Lose weight in your back, arms and shoulders

When working out at the gym, during your workout, take a few breaks and throw a 3-5 kg ​​medicine ball - a medicine ball. Raise the ball above your head with both hands and throw it as far as you can.

If you are interested not only in “how to lose weight in your back,” but also in how to get rid of “ears” hanging from your lower back, include an exercise with a hoop in your workout. For beginners, it is better to use an aluminum or plastic hula hoop without weights. Spin it for 20 minutes after the main lesson.

How to exercise for weight loss with dumbbells

If you want to not only get rid of fat deposits in the back, but also make this part of the body more prominent, then you will need strength training. Exercises with dumbbells are suitable for this:

  • Deadlift . Take dumbbells in your hands, with your feet shoulder-width apart. You need to lean forward, straighten your lower back, but keep your arms down. The body is tilted and lifted by moving the lower back. You need to ensure that the upper limbs remain straight; 10 to 12 repetitions are required.

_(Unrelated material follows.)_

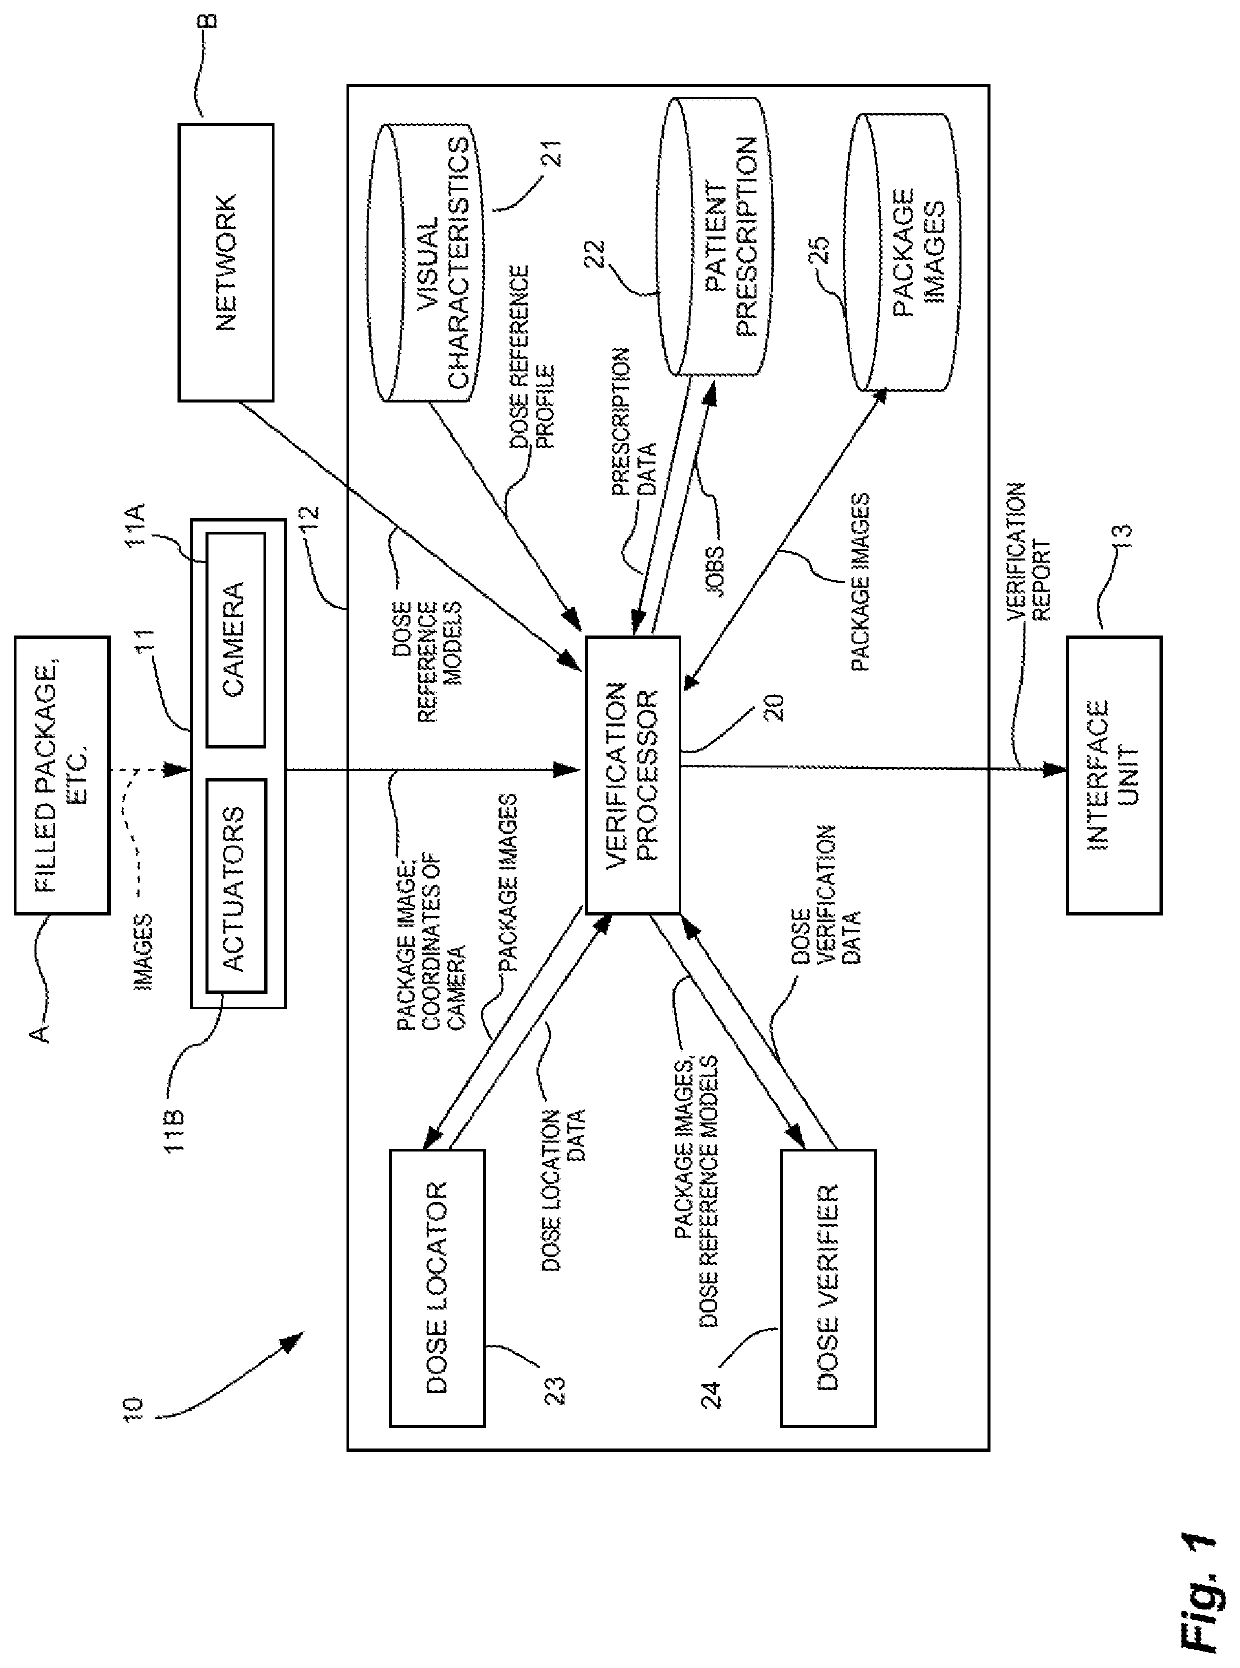 Verification system for prescription packaging and method
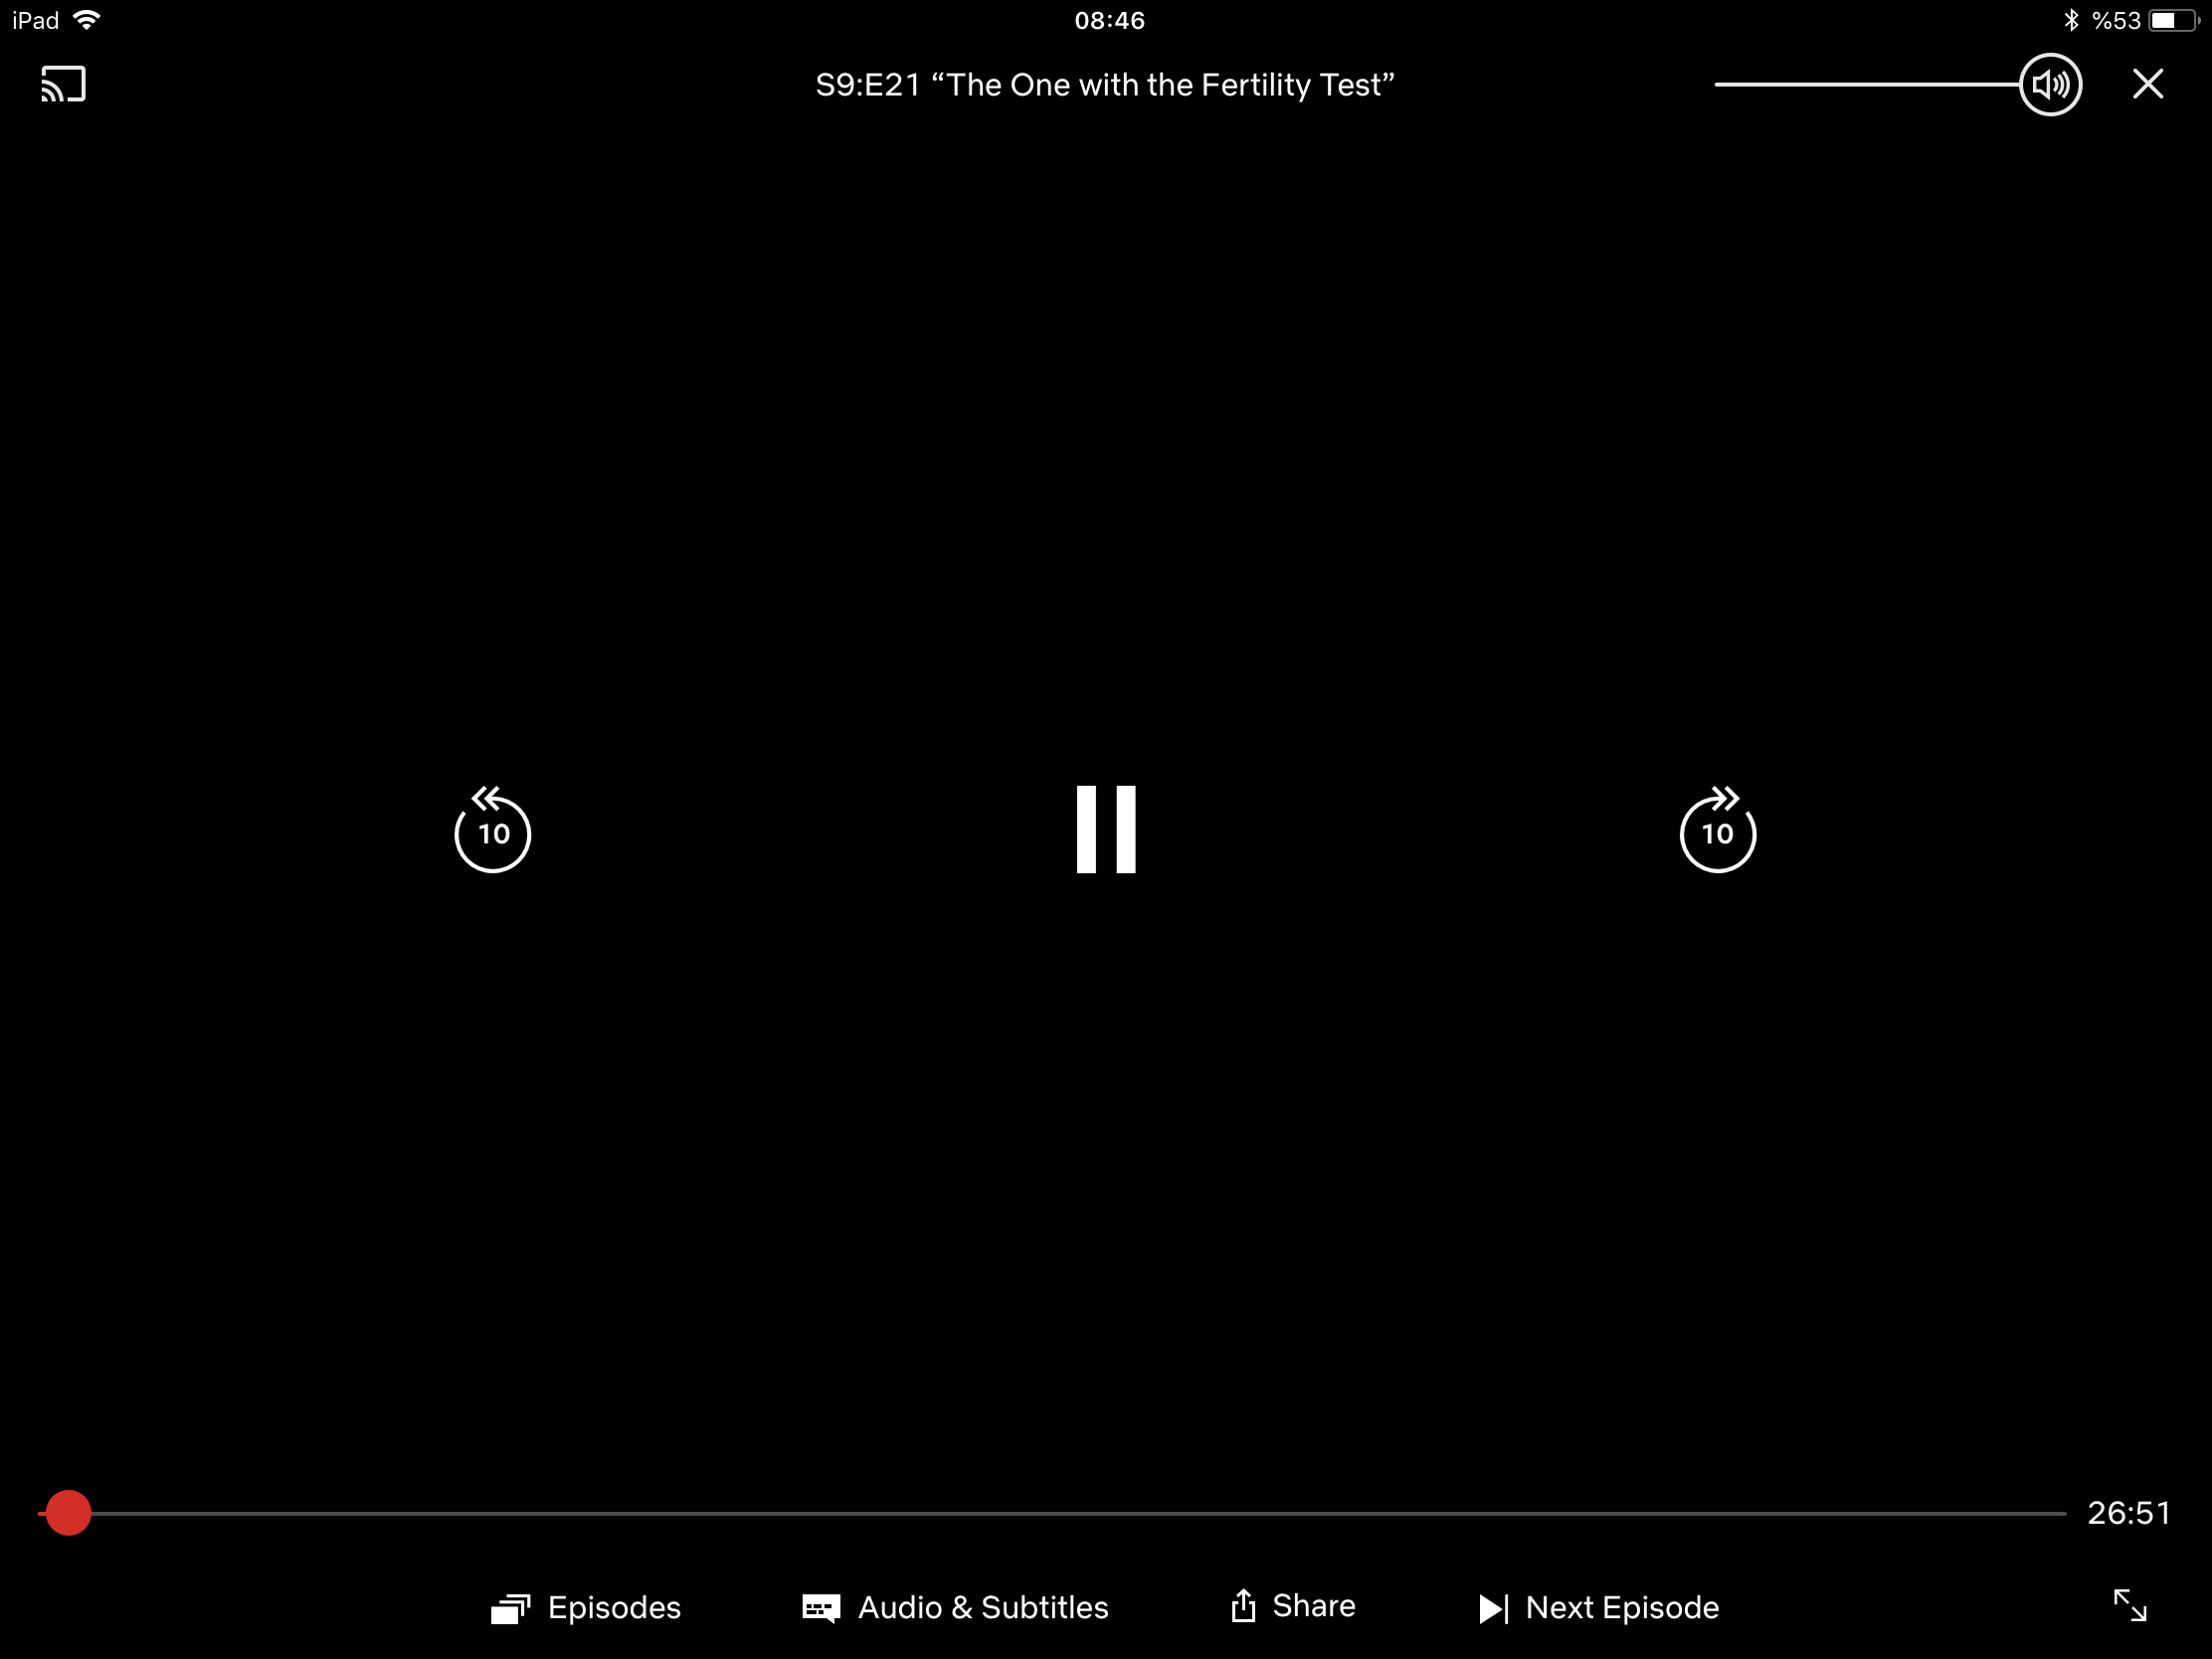 Netflix player UI I briefly saw. Top row has AirPlay button in the top left corner, the title in the middle, and the volume slider and 'close' button on the top right corner. There are huge rewind 10 seconds, play/pause, and fast forward 10 seconds buttons in the middle of the screen. On the second-to-the-bottom row, the progress bar is stretched from edge to edge, only with the remaining time attached to the right side of it. The bottom line has episodes, audio and subtitles, share, and next episode buttons in the center, with labels, and there is a single icon for video size button, at the bottom right corner.

  • Bent-over row . The starting position does not change, but when bending forward, you need to stay in this position and perform 10 - 12 lifts of dumbbells to the chest due to the work of the elbow joints. Then you need to straighten up and relax, then repeat the exercise 2 - 4 more times.
  • Spreading to the sides . Stand up straight, stretch your arms with dumbbells forward to chest level and lift them to the sides and bring them back to the starting position. The elbow joints should not work; the arms remain straight at all times.

  • Abduction of arms . Place your feet together, without releasing the dumbbells from your hands, tilt your body forward, but not completely. The arms are bent at the elbows and, as you exhale, the right arm with the dumbbell is first pulled back (the elbow is extended), then the same exercise is performed for the left arm. Number of repetitions – 10 – 12.

For exercises with dumbbells to lose weight on your back to be effective, you must perform them in compliance with the following rules:

  • The weight of dumbbells is selected individually, you should start with 1 kg;
  • if after performing a set of exercises there is no feeling of fatigue, then you need to increase the number of repetitions or the weight of the sports equipment;
  • execution speed is slow, sudden jerks are not allowed.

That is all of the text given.